My book The Wing-Friends is an imaginative tale of a small brave boy, a magical adventure, a magnificent Pegasus and the wonderful Kingdom of the Pegasi. It has been given very good reviews, and virtually every reader on Goodreads has so far awarded it five stars. It is available here. Some of my other writings are available as e-books, such as The Lower Deck, which is an over-the-top take on Waiheke happenings--sort of.

Saturday 25 June 2016

UPGRADE TO WINDOWS 10 WORTH IT

For a long time I put off upgrading from my desktop PC from Windows 7 to Windows 10, despite the fact that it was free, partly because I was busy with other things and thought it would take a lot of painful hours, and partly it does not impresss me that the blurb that said it combined the best of 7 and 8. Windows 8 was one to be avoided, and what Microsoft called 'the best' made me apprehensive.

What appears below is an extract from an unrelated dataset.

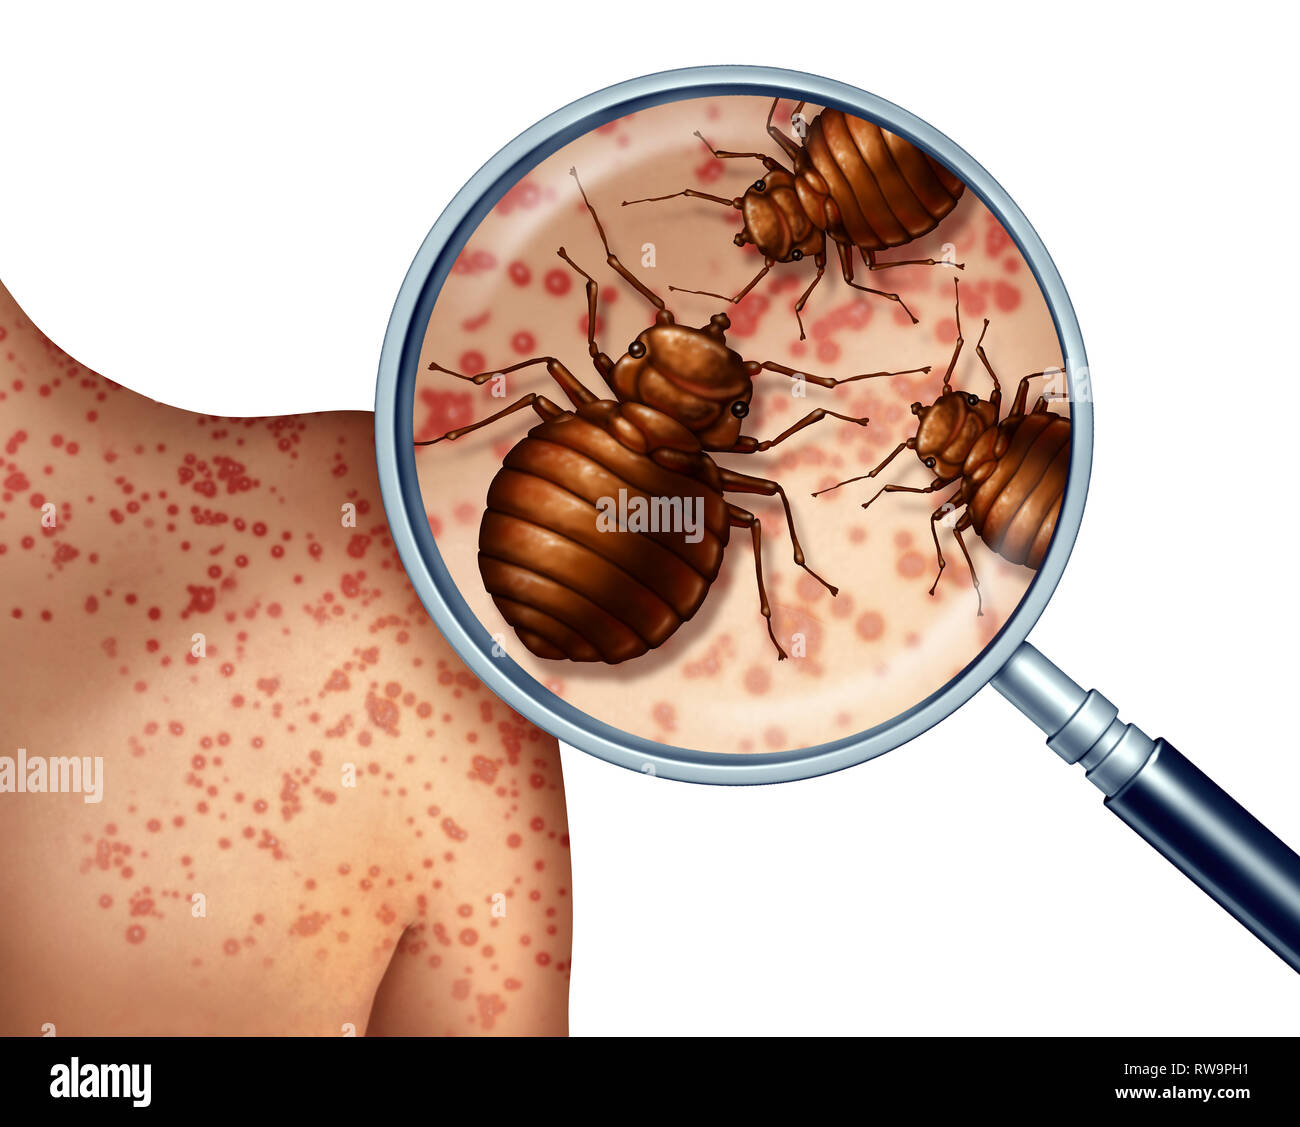 Les morsures de punaises de lit sur la peau humaine ou infestation bedbug concept comme un grossissement close up d'insectes nuisibles comme un symbole de l'hygiène et la santé. Banque D'Images

I am also chary of upgrades, because so often they mess up your machine by taking it into their software heads to do things that you neither wanted nor asked for. In short, I never expect a smooth ride.

But when I saw that the free offer of Windows 10 was going to expire on the 29th of July 2016 I decided to bite the bullet, first with a nibble by upgrading my backup machine, and if that went well, carry on.

To my delight it did go well. Very well. And not only did my machine look pretty much the same as it had in Windows 7, but I was able to make some judicious tweaks to make to look and behave even better. That included taking this advice to make the colour-scheme more pleasant. The palette of colours in the standard offer is a bit limited. But using Run and Control Color enables very fine tuning (note the American spelling, because it does not accept English).

Do I like Windows 10? YES. Do I like it better than 7? YES. Would I uninstall and go back to 7? NO. It does seem to run a bit slower in some things, in some a bit quicker, but overall about the same, and it is nicer to use, it has some nice features.

The revamped Start Menu has been done very well. You have to prune out of it the stuff that Microsoft wants you to have there and pin to it what you want, but that is easy to do quickly. And it is very configurable. For example it is easy to resize the icons so that they do not shout at you, and to get rid of that silly, distracting transparency, but it is very nice.

At first I missed the Windows Classic look that I had been using for years, but 10's look and feel very soon became familiar and preferred.

The upgrade went easily. A download of about 2GB then a small number of hours chugging away, and it was all done.

The only thing to watch is that near the end of the process it asks you if you want the Express Installation, which invites you to use a big button down on the right, but in small print down on the left it says Customise. If you select express you get a heap of Microsoft applications hurled at you. It is a sell.  I chose Customise, unticked everything, and carried on using the applications that I had been using, which were mainly not Microsoft offerings.

I think the one to avoid is Photos, because it organises all the photos in your machine in way that is not what anyone sensible would want. But some who like what it does. I ignored it all created a Desktop shortcut to my main photos folder, to make it most accessible, because it opens exactly what opens when I Pictures is clicked on in a system menu.

The only little annoyance in 10 is that although the weather in the Start Menu is brilliant–truly 10 out of 10–and can be set to Celsius for temperatures, it insists on reporting the wind-speed in mph and there is nowhere it can be set to km/h or kph. That is silly enough, but even sillier is the fact the the weather button in the Start Menu can somehow show kph, sometimes, but when you click on it the full display still shows mph. That is fine if you live in one of those backward countries that have yet to go metric, but a pain in most the world.

There is a bugbear if you are using Chrome, in the area where you manage passwords, and which you go to if you have forgotten one and want to change it from hidden to show it. Windows 10 annoys by insisting, every single time, that you enter your Microsoft Account password before it will show it.

But, those points aside, Windows 10 is superb. Well done, Microsoft!